▸ Exercise goal:
The material below holds the lines to copy: from the one with "Cómoda dormitorio madera" up to and including the one with "Page de couverture". Copy them exactly and skip the pictures.

▸ Material shown:
=== Begin Enclosure ===

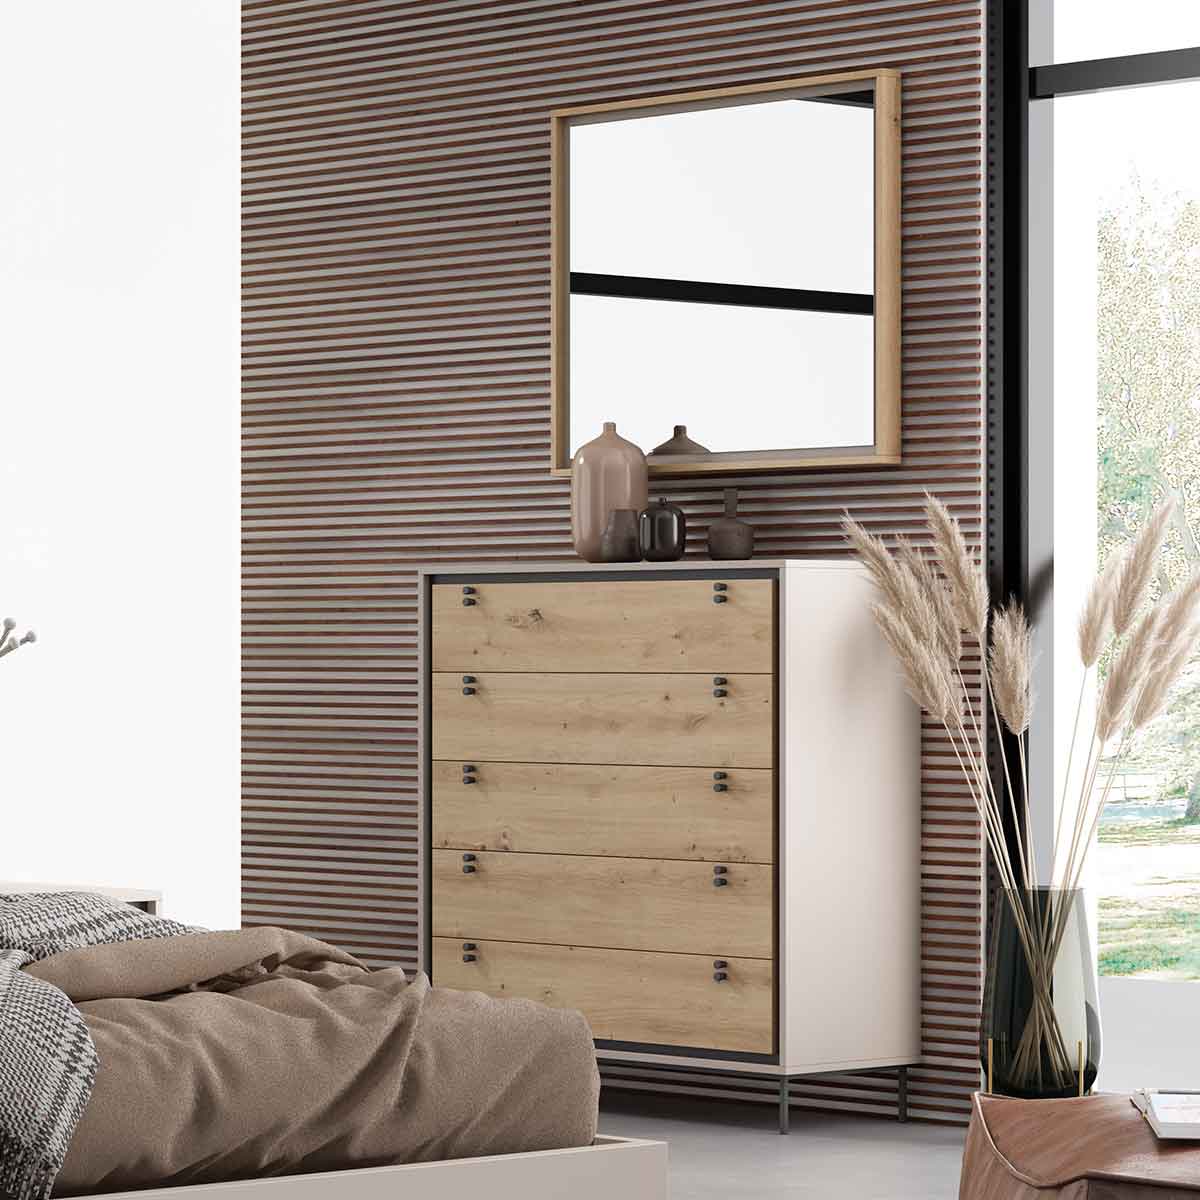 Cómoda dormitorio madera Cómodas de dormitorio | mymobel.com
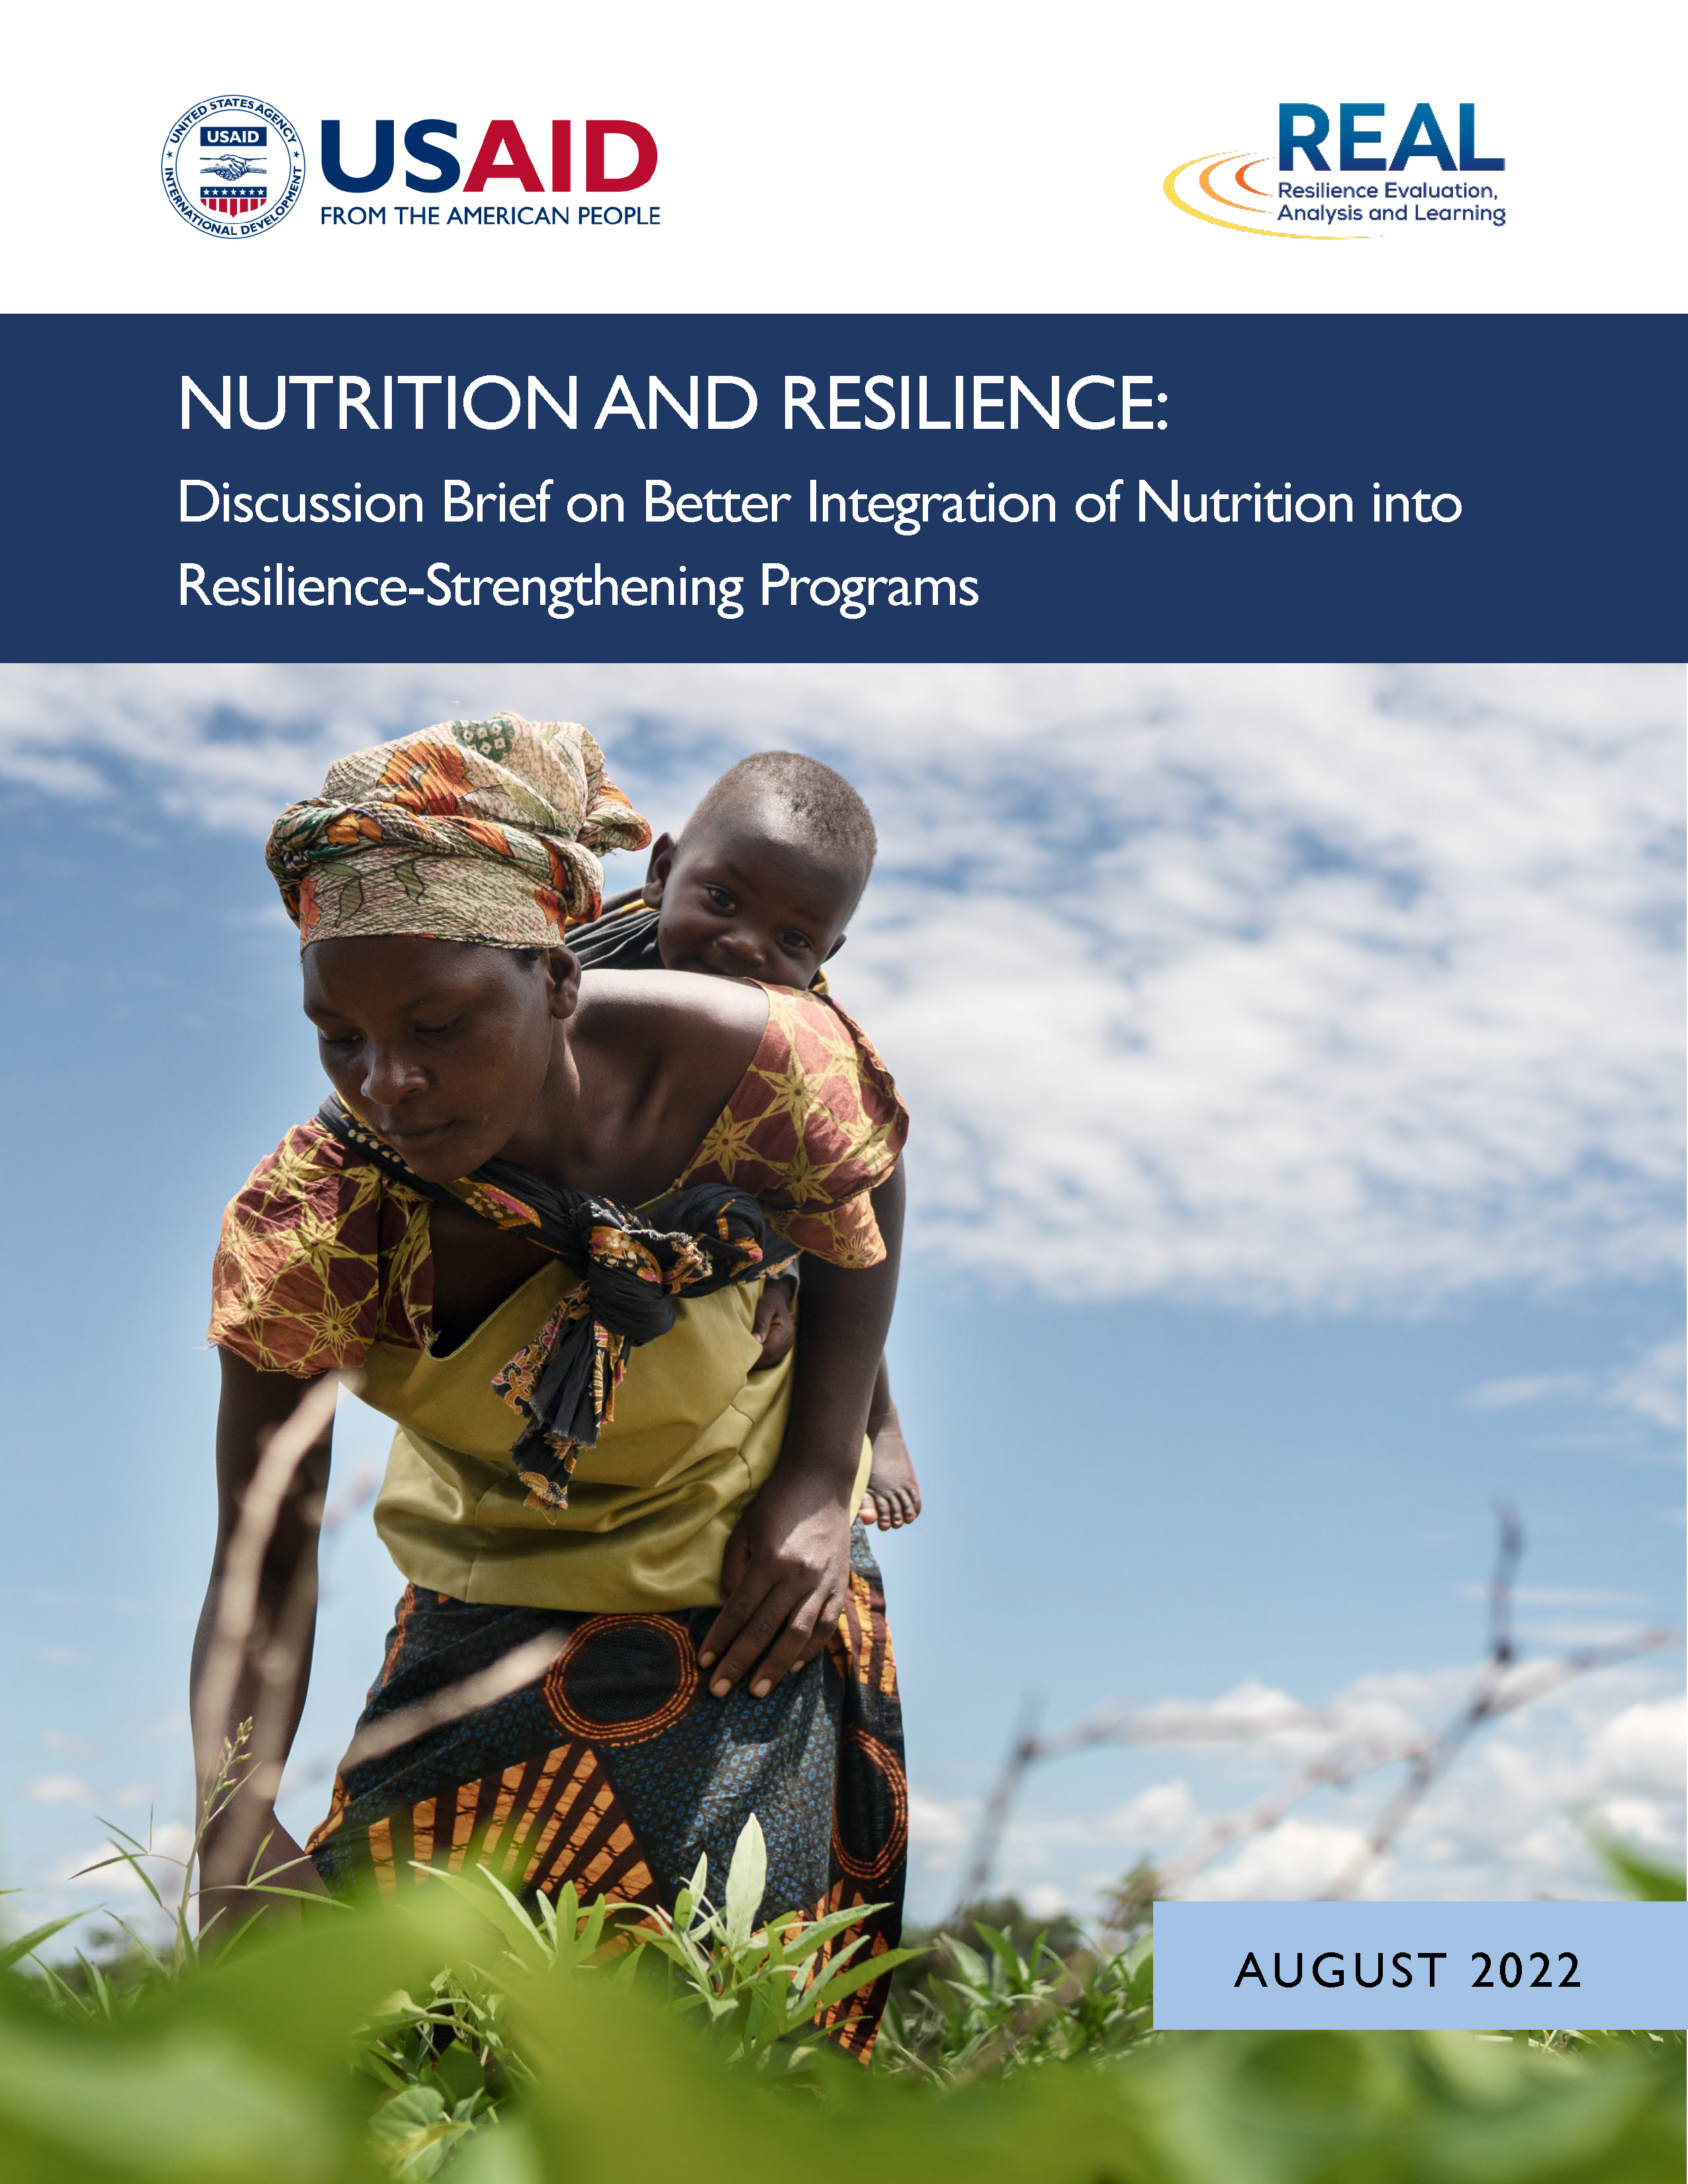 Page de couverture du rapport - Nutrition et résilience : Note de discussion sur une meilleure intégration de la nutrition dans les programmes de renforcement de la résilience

=== End Enclosure ===
=== Begin Enclosure ===

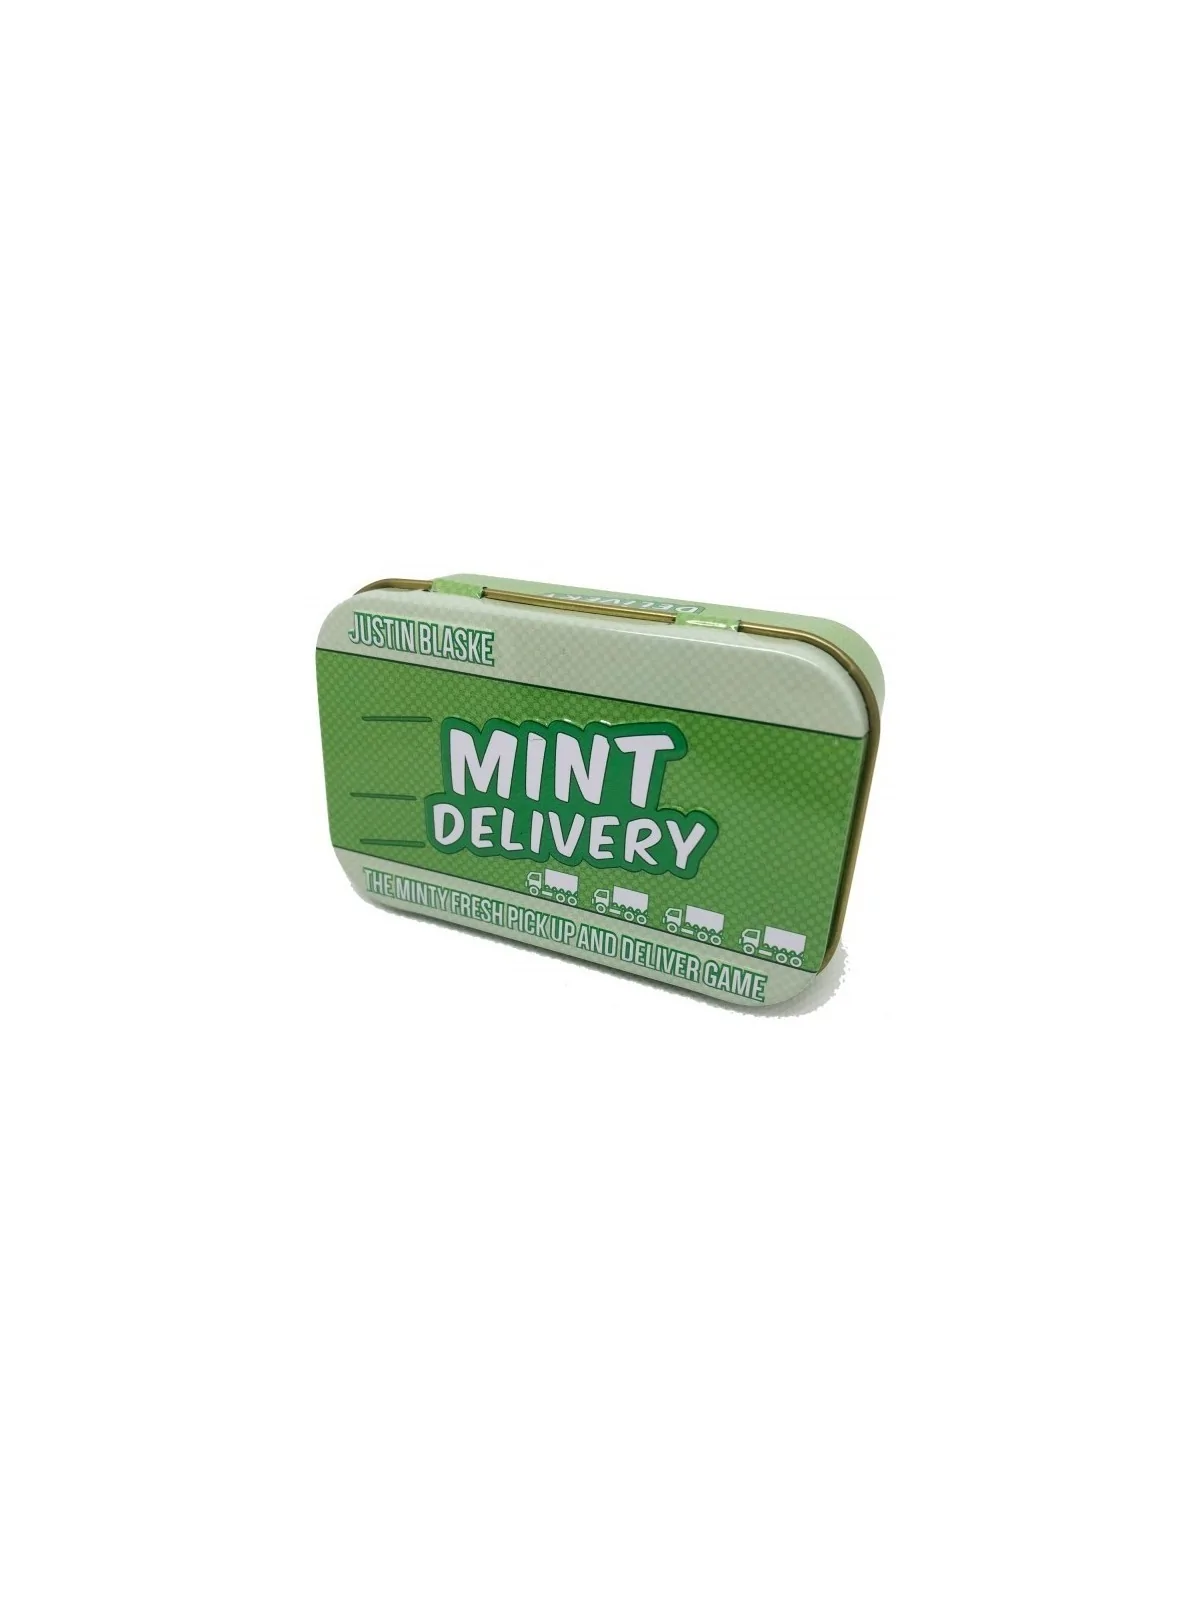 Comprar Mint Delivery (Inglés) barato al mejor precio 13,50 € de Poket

=== End Enclosure ===
=== Begin Enclosure ===

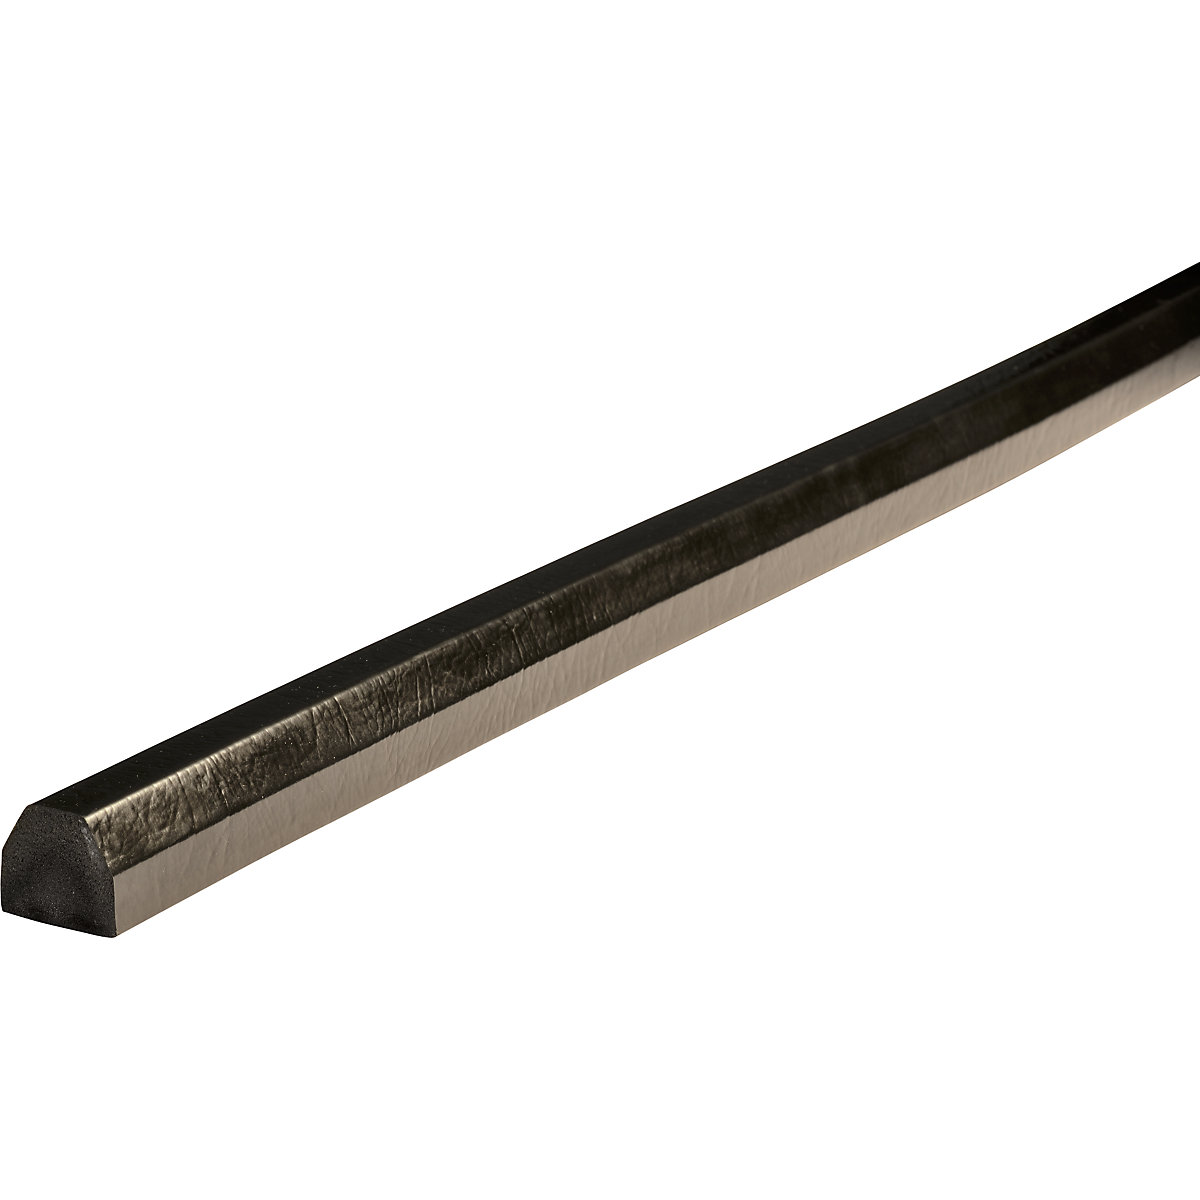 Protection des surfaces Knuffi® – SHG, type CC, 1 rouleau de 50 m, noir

=== End Enclosure ===

▸ Response:
 Cómoda dormitorio madera Cómodas de dormitorio | mymobel.com
 Page de couverture du rapport - Nutrition et résilience : Note de discussion sur une meilleure intégration de la nutrition dans les programmes de renforcement de la résilience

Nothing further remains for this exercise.